July 1, 2016: Owens sends a letter to MDHHS Vital Records, with a copy of Judge Dingell’s court order, the approved state petition to release Owens’ original birth records signed by Judge Dingell, and all the materials I had earlier mailed to Director Lyon at MDHHS is mailed.

Owens’ package also includes emails of state officials that were sent to me as part of my FOIA records request. Those emails by senior state official themselves say the department must release my original birth record with a court order.

July 2, 2016: Owens’ press release is sent to multiple media (print, broadcast, blogs) in Oregon and Michigan highlighting the court order that now compels the state of Michigan to release a copy of my original birth certificate to me.

A member of the Michigan media who contacted Owens did not seem to understand the barriers posed by forcing a person to go to a court to demand the most important vital record of all persons, a birth certificate. This is an enormously draining, time-consuming, and offensive demand that is meant to treat adopted persons as second-class persons. No citizen of Michigan who isn’t adopted is asked to do this when they ask for their birth certificate. One question I posed to the reporter was, is it fair for the state to not treat me the way it treats non-adoptees. It is not a trick question. It is at the heart of the matter regarding how the state denies equal treatment under the law to adoptees. The reporter could not say the outlet would write a story. They needed to check with the state.

July 18, 2016: Owens’ original birth certificate arrives by mail, after decades of discrimination by the state of Michigan, the MDHHS, the department’s vital records professionals, and the individual state employees who sought to deny me what is mine by birthright.

The original “Certificate of Live Birth” provides my original birth name, which I have known for 27 years–Scott Douglas Owens, my birth mother’s birth name, the name of my hospital (Crittenton General Hospital), my birth mother’s age at the time of my birth, my birth mother’s address at the time of my birth,  the date of my birth, and the signature of the attending doctor. The legal document that marked my entrance into this world as a human being, with genetic kin and family histories and family members who did want to know me, was registered as my original birth certificate about four weeks after my birth. This single sheet of paper was deemed a state secret, to which I was undeserving unlike all-non-adopted state residents simply because of I was relinquished as an infant to become an adoptee.
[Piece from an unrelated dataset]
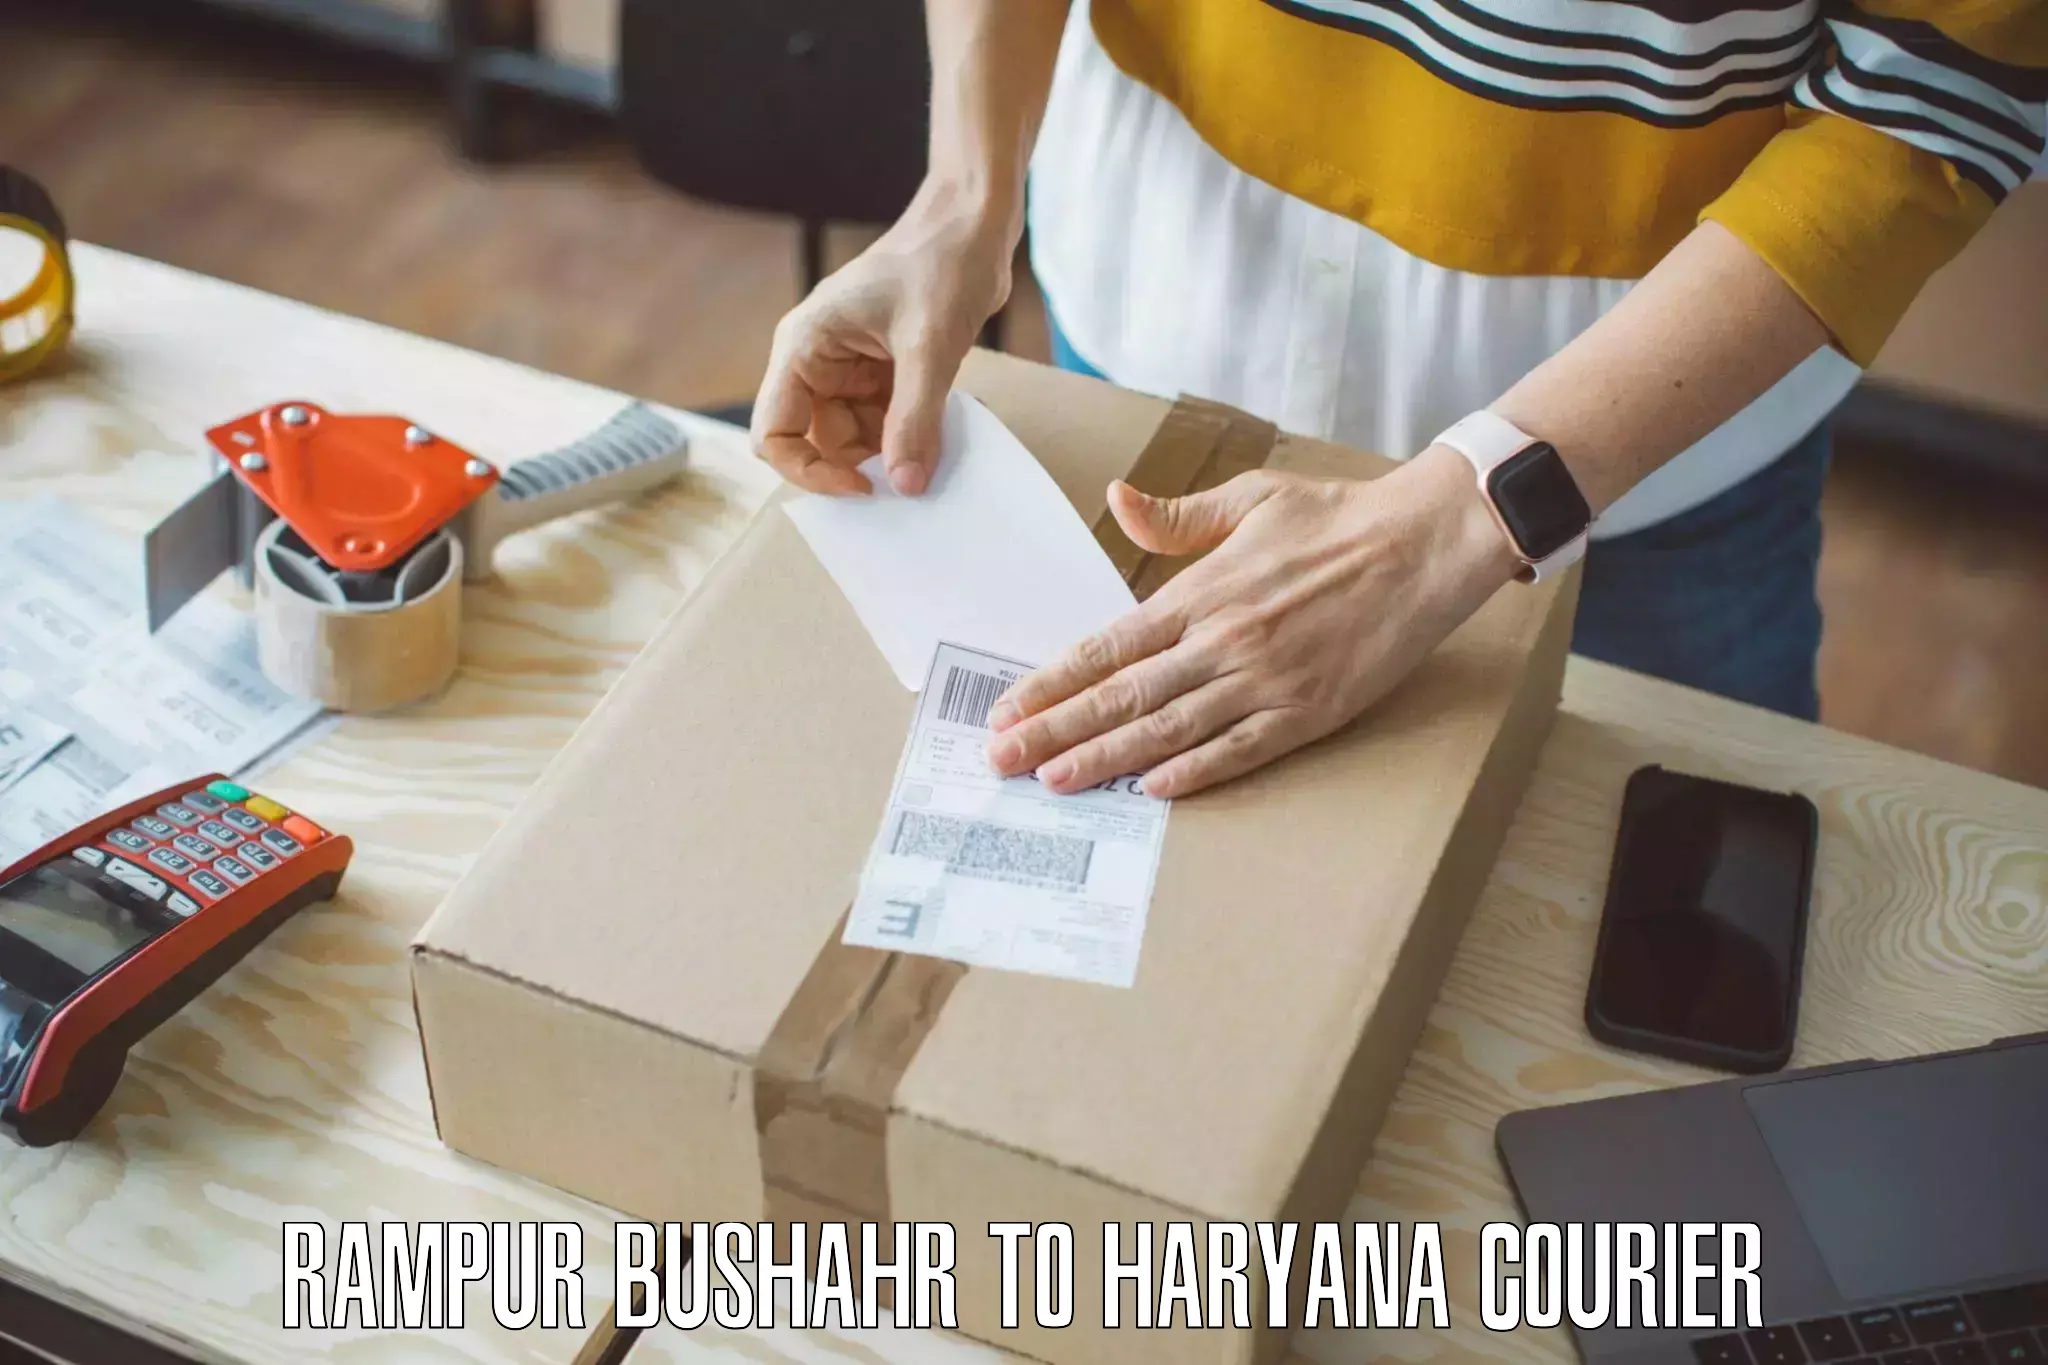 Professional movers and packers Rampur Bushahr to Bhuna

The only reason–and I repeat only reason–I now have possession of what is and always has been mine is because I never once recognized the legal or moral authority of the state’s so-called vital records professionals to deny me equal treatment and equal status by law. They never had that authority, and their actions over all these years demonstrate their lack of moral authority to anyone who may care about a funny idea called fairness and equality. By denying me my birth certificate, even when I knew my original name and birth families, they proved they had no moral center, clinging to a legalistic loin cloth and well-documented prejudice against anyone who dares to say the emperor has no clothes. (Note my birth certificate gives my original middle name as “Douglass” while other original records say “Douglas”–and I have no way of knowing which one was the preferred or intended spelling. When I changed my name in 2009 to Rudolf Scott-Douglas Owens, I stuck with the version I saw in more documents.)